Please, please tell me you are being sarcastic! From, on a personal level, ransomware deleting irreplaceable photos of your dear deceased Grandmother and info stealers looting you bank or brokerage accounts, to Enterprise malware acquiring your credit card data, to Defense targeted malware bringing down your country's C&C as the Tanks roll in, malware is one of the biggest blights Society has seen, costing billions of dollars in remediation and God Knows how many lives.

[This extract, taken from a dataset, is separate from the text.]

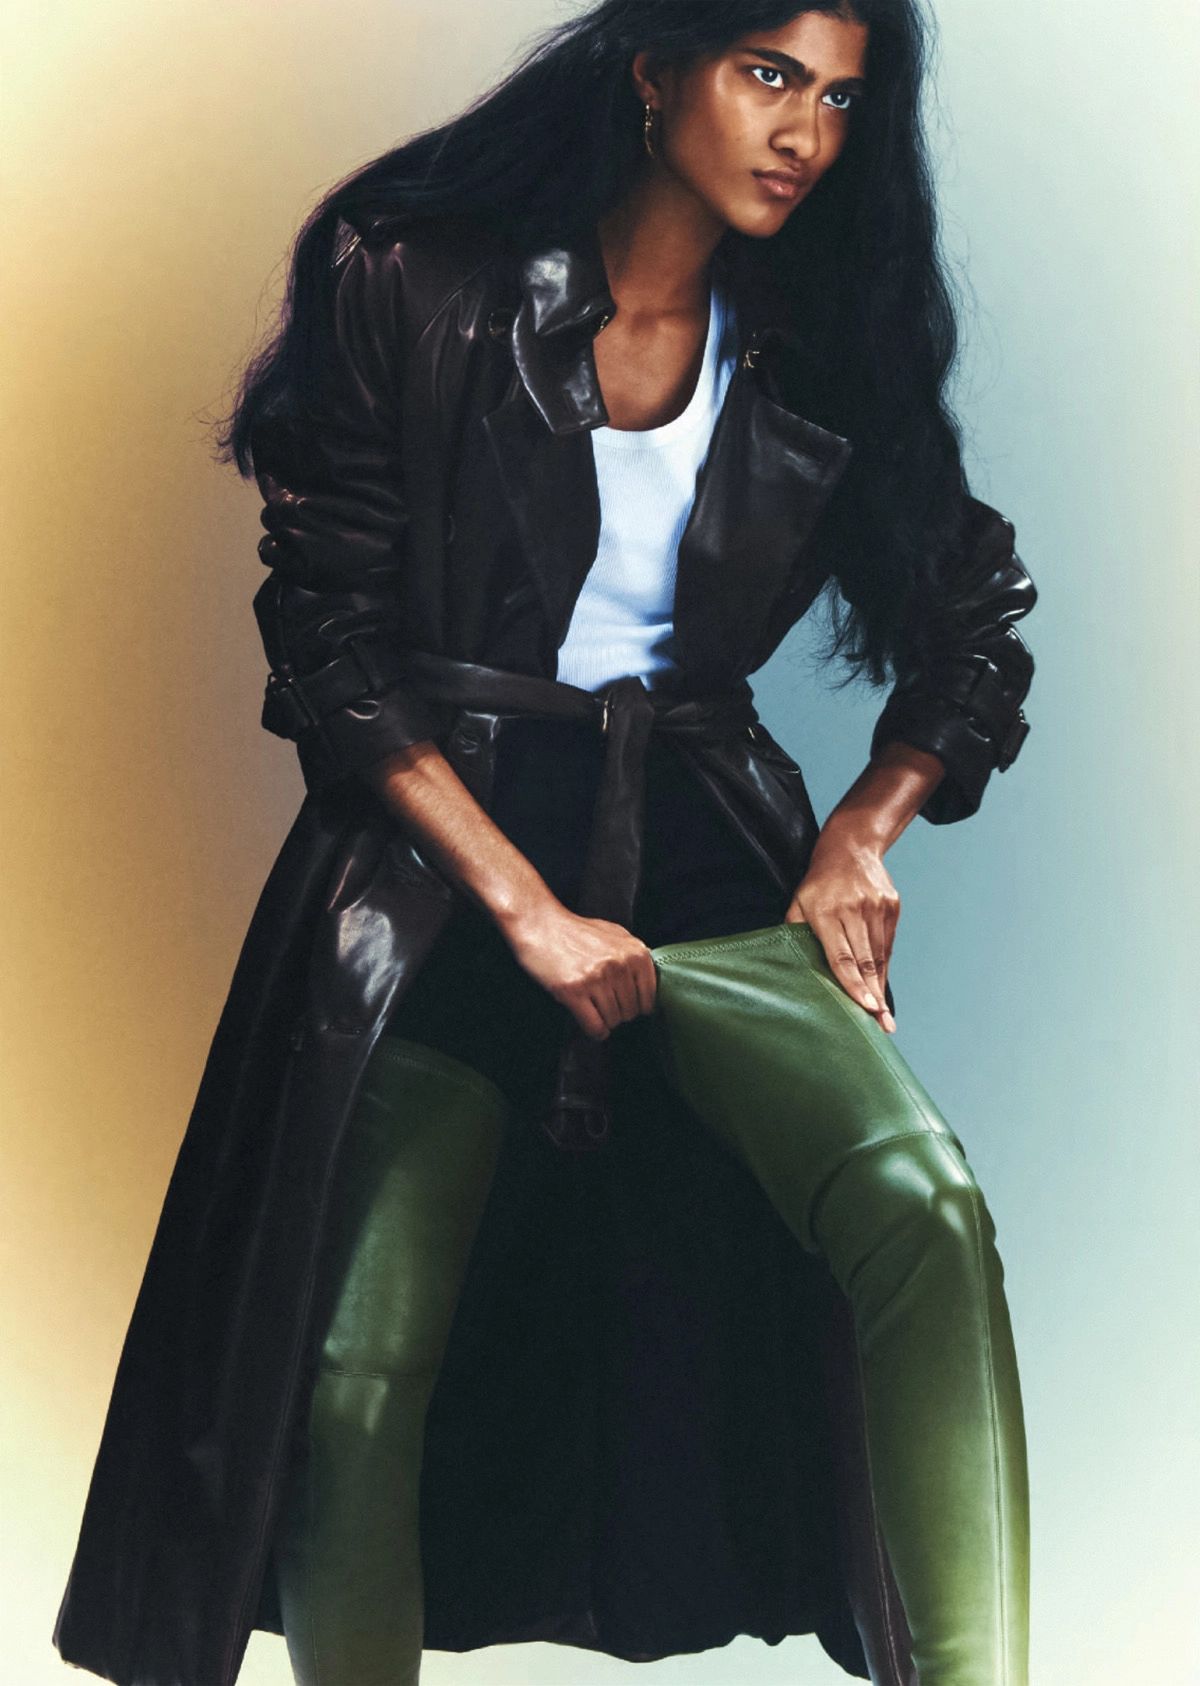 Ashley Radjarame by Thue Norgaard for British Vogue July 2022  Leather Trench Coat by Burberry / Stretch-Leather Boots by Burberry / White Organic Cotton Tank Top by Sunspel / Black Seamless Sculpt Sculpting Mid-Thigh Shorts by SKIMS

And with a bit of knowledge one can keep systems totally malware free, as long as one has Eyes to See and Ears that Hear...

 

[shmu26]

Tairiku means that the payload is the bane, the dropper is not the bane.

 

[ZeroDay]

I'd pick Binsoft Windows firewall control over Fortnox all day every day.

 

[ZeroDay]

I honestly think that when or IF Comodo get Comodo cloud AV running as it should they will drop Comodo firewall and Comodo cloud AV will be either their only or main product. I also think that they want to get Comodo cloud AV running at it's very best so they can have it tested by AV-Comparatives and show them just how strong their sandbox is. Melieh definitely wants to rub AV-Comparatives nose in it so to speak. I have the lifetime license for WFC too. But I stand my ground when it comes to Fornox firewall, it's never been much good. I do really like WFC and I'd choose that over Fortnox. I'd personally like to go all in with Fortinet by using their AV and a hardware firewall and their sandbox appliance. I see people go on all the time about how good Eset's firewall is yet in default settings it gets bypassed on a regular basis in the Malware hub as would Comodo in default settings, but Eset firewall is bypassed a lot in the hub. Windows defender, WFC, SRP, SUA and Voodooshield and unless you're either unlucky or click happy you're set.

 

[codswollip]

I'll be releasing a Setup video this weekend (from starting the installer). Try my settings and if you have issues then you can berate me to no end.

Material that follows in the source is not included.